Daniel Leeder


The ways in which innovation has been tilted so drastically toward profitability over genuine benefit is discouraging, to say the least. The current state of AI doesn't just continue this trend; it amplifies it to an unprecedented degree. We are witnessing a fundamental shift in how technology is built and judged.

Companies are setting a new standard of "seems good enough to sell," a strategy that is perfectly in line with the probabilistic nature of today's generative AI. A product built on this principle isn't always accurate or stable, but it gives the powerful impression that it's working.

From Logic and Rules to "Vibes"

For most of modern computing history, software has been built on a foundation of logic and rules. Code was deterministic. Given a specific input, it would produce a predictable, repeatable output. It was testable, verifiable, and reliable.

This new era is different. It's an era of "vibes."

Generative AI operates on probabilities, not certainties. It produces outputs that are often incredibly impressive and correct, but sometimes subtly—or catastrophically—wrong in ways that are difficult to predict. The output feels right, even when it isn't. This shortcut from hard logic to impressive-feeling results is now widely available and heavily marketed.

The Danger of a "Good Enough" Strategy

Pursuing a "vibes-based" strategy is dangerous, with effects that can touch critical areas of our lives in profoundly negative ways. When we apply this "good enough" standard to tools that provide financial, medical, or legal information, we are accepting a level of risk that is irresponsible.

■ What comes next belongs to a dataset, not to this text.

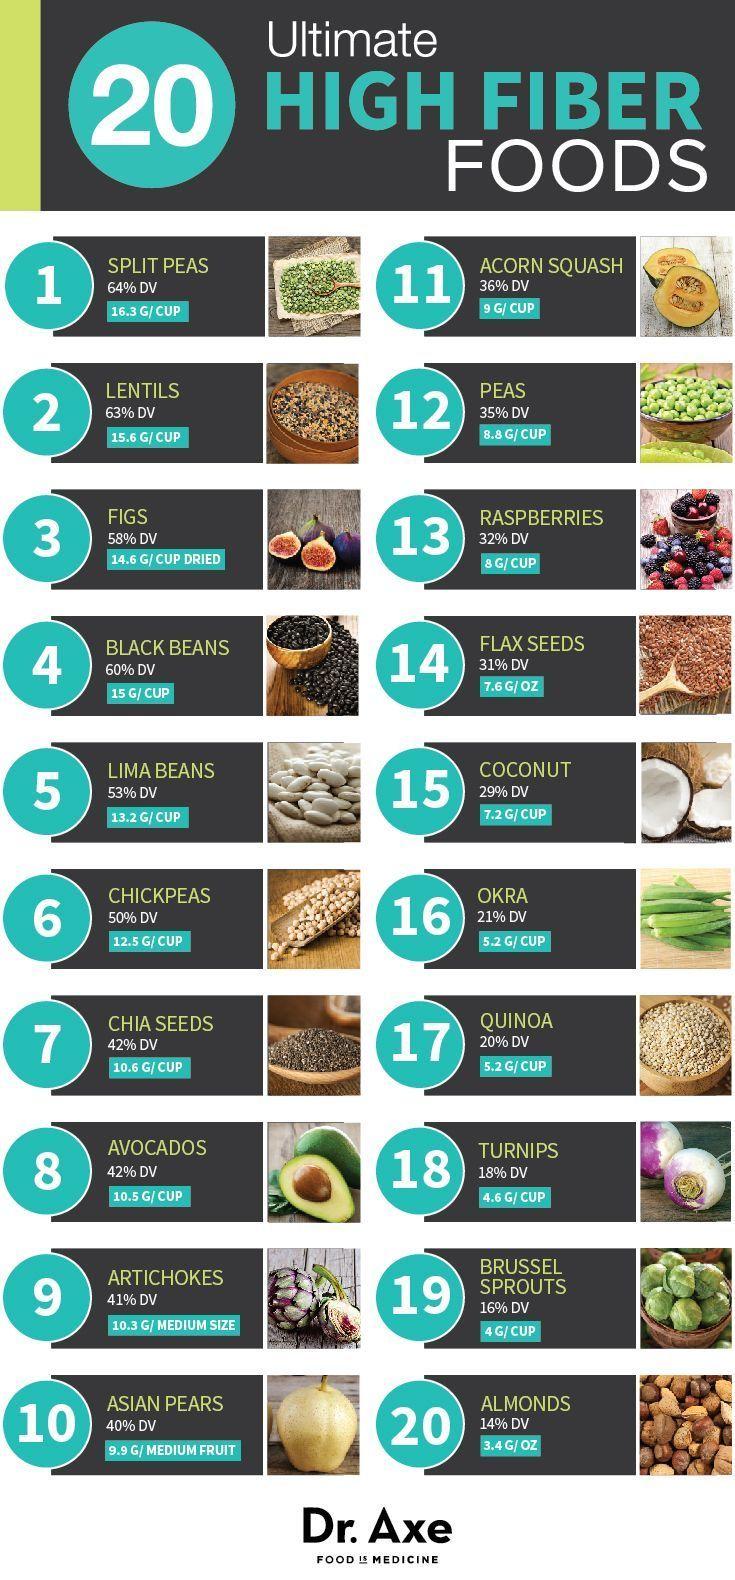 20 ultimate highfiber foods high fiber foods fiber

This strategy forces us to ask a fundamental question about product viability: How many customers are willing to buy a product that has to display a disclaimer that it can be wrong or inaccurate? When a warning label about potential hallucinations or errors becomes a permanent fixture of your user interface, it fundamentally undermines user trust. It's an open admission that the product is not reliable, shifting the burden of verification from the tool to the user. This isn't a sustainable model for products that aim to be authoritative or critical to a user's workflow.

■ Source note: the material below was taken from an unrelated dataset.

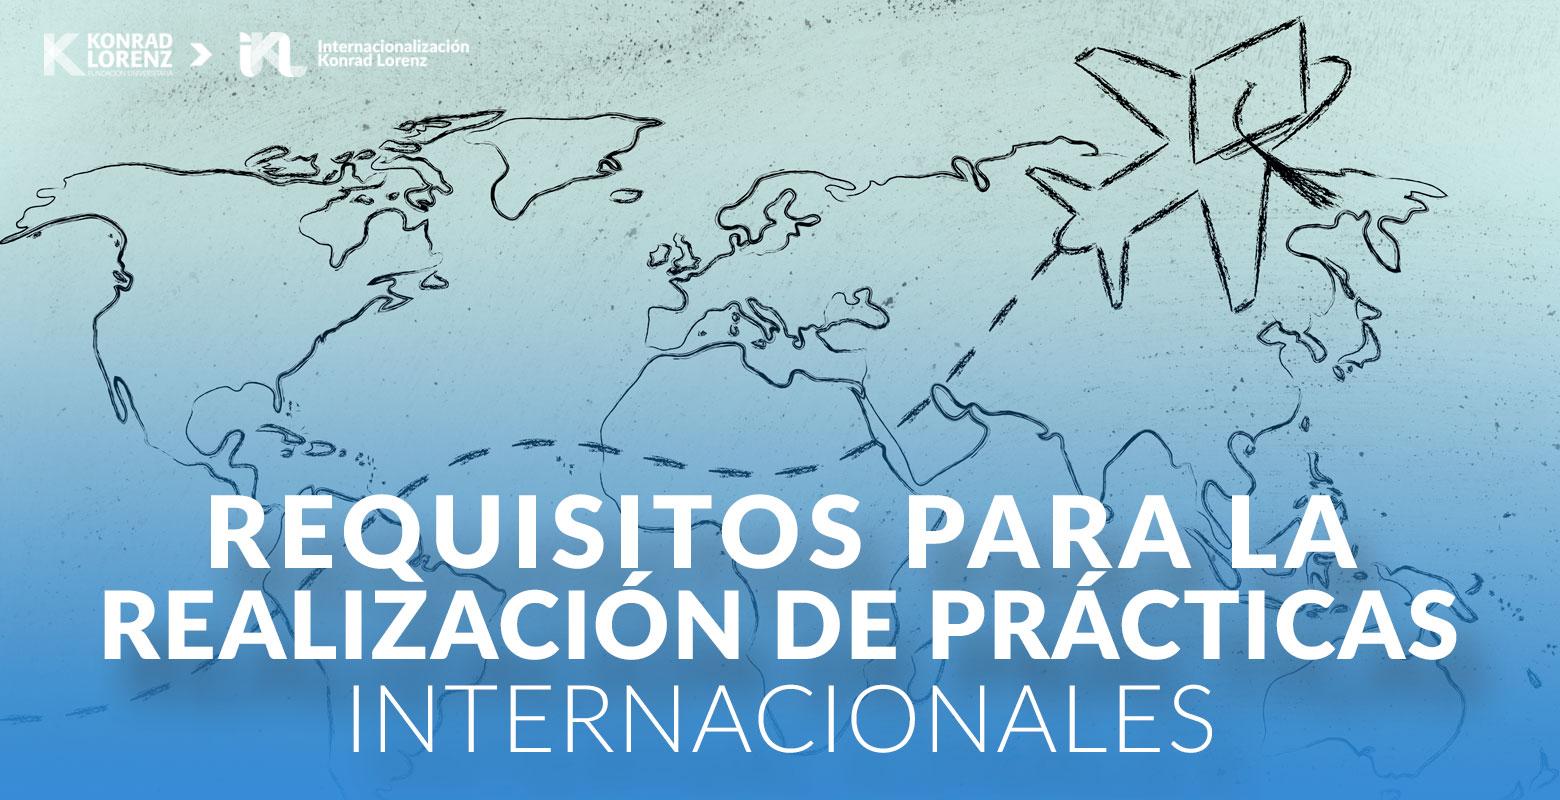 Requisitos para la realización de prácticas internacionales

The pressure to compete in the AI race is pushing companies to launch products that are, in essence, public beta tests. The users become the unwitting quality assurance team for systems that can have real-world consequences.

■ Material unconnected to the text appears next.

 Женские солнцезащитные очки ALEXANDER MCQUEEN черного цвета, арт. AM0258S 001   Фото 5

The Responsibility of True Innovation

With this shortcut so widely available, we need more focus than ever to know how to reap the true benefits of innovation while preserving our ethical integrity. The goal of technology should be to create genuine, reliable value, not just the appearance of it.

Creating a widget that looks like it works, but can harm its users in some cases, is not a product to sell. It's a liability. As leaders, builders, and consumers of technology, we must demand a standard that goes beyond "vibes" and returns to the principles of reliability, safety, and trust.